You might have heard that AI is a thing now, right? I mean, it is getting a lot of attention, and as any engineer now knows, Attention is All You Need.
But in the mad rush to incorporate not just GenAI, but basically any sort of predictive modeling that could ever be considered in the loosest sense to be AI, into every product from toothbrushes to customer support chatbots, the security of those features hasn’t really been top of mind. It’s understandable in this era of innovation at hyperspeed that security isn’t the number one priority, but as the shine wears off of the new features, teams will soon be faced with all sorts of implications and fallout from the extreme speed with which they were adopted.
A speedy integration of AI into a cloud-native application environment, whether through APIs like Open AI’s or via open source GPT models that are hastily scrubbed and popped into a cluster with fingers crossed, introduces critical security threats to the entire application environment. It also exacerbates open gaps that already exist within Kubernetes - such as over-permissioning of identities and a lack of traffic and access management between services and APIs - adding new sources of unauthorized access and opportunities for data exfiltration and data poisoning that are far faster and more dangerous now that GenAI can so readily be used to inundate systems with malicious access attempts at a scale never seen before in the history of technology.
At Operant, we have always embraced the two-sided coin that AI presents - Unprecedented innovation on one side and unprecedented risk on the other. In a way, it’s a familiar landscape, the wild wild west that our CTO, Priyanka and I started tackling together almost a decade ago. At the time, mobile applications malware was a massive problem for Android, where new malicious actors were misusing customer data and the underlying hardware, creating new attack vectors that hadn’t been seen before (sound familiar?). Back then, we built deep operating system instrumentation and on-device ML models that would deter and protect customers from shapeshifting malware. The parallels between that era’s problem space and today’s fight against a rapidly changing AI enemy are a very useful starting point, yet since then, as AI and ML have advanced, so has our vision.

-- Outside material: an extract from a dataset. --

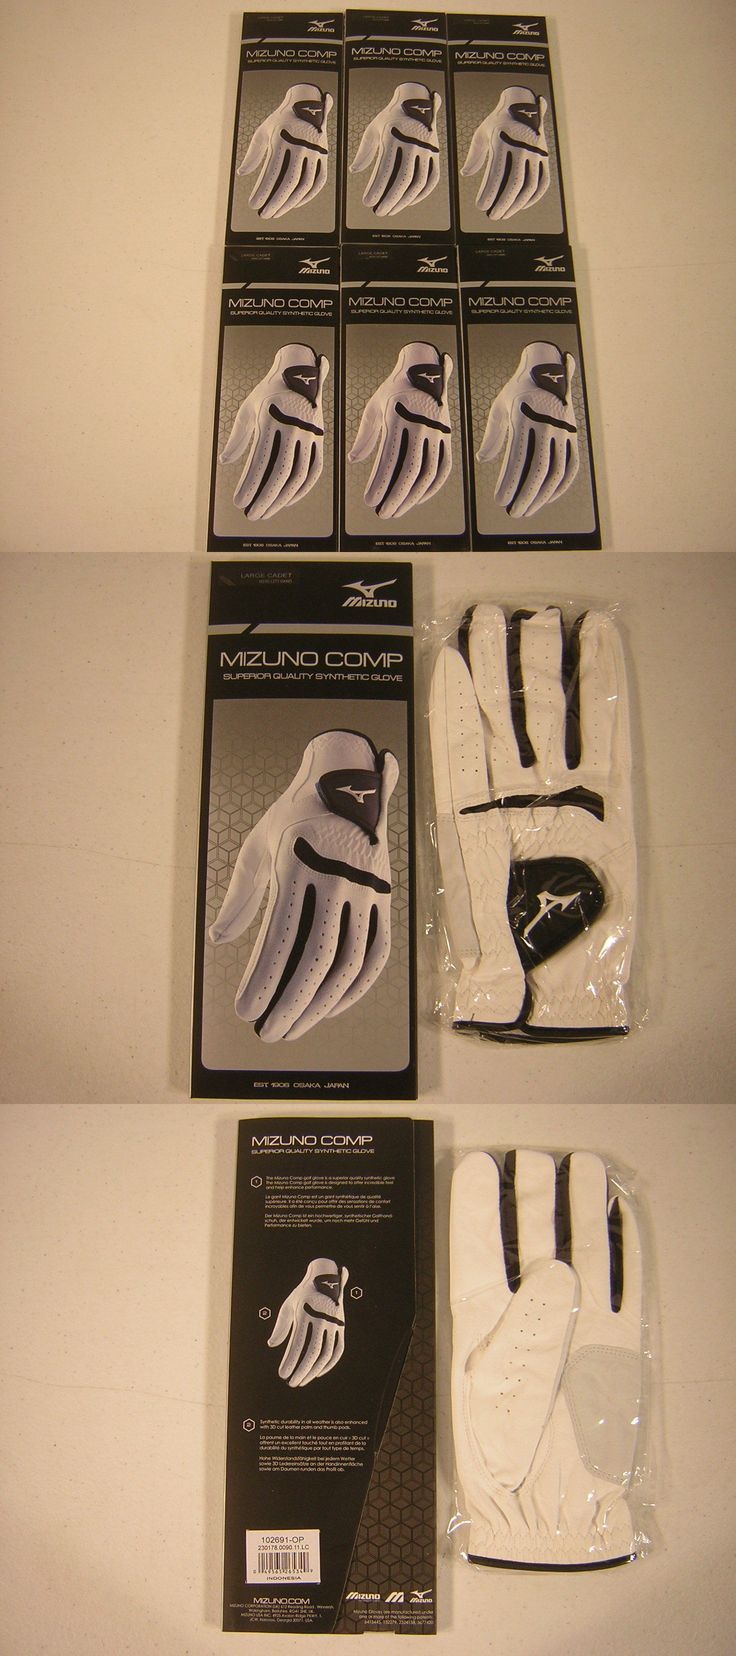 Mens gloves cadet - Golf Gloves 181135 New Mizuno Golf Comp Mens Gloves Size Cadet Large 6 Pack

What we mostly see in the market today are a million variations of the easiest/most common GenAI manifestations with some security context strapped on for various forms of “security co-pilots” or small-scale switches like LLM-blocking browser plug-ins. When you dig deeper, the majority of these are reincarnations of task lists, chatbots or perhaps older policies being repurposed for a new use case. While the spectrum of AI security tooling is totally nascent at this early stage and will obviously evolve over time, at Operant, we have already been busy building the core product offering to solve some of the biggest problems at the intersection of AI and security for quite some time.
We see the intersection of AI and Security in a more holistic and comprehensive way, incorporating and addressing three important needs that impact every modern technology organization:
Protecting AI Apps and APIs
With the incredible speed of AI adoption and feature development across every industry from legal to fintech to healthcare, securing the AI that is making its way into these highly sensitive environments is a critical and urgent problem that so far has taken a backseat to development speed.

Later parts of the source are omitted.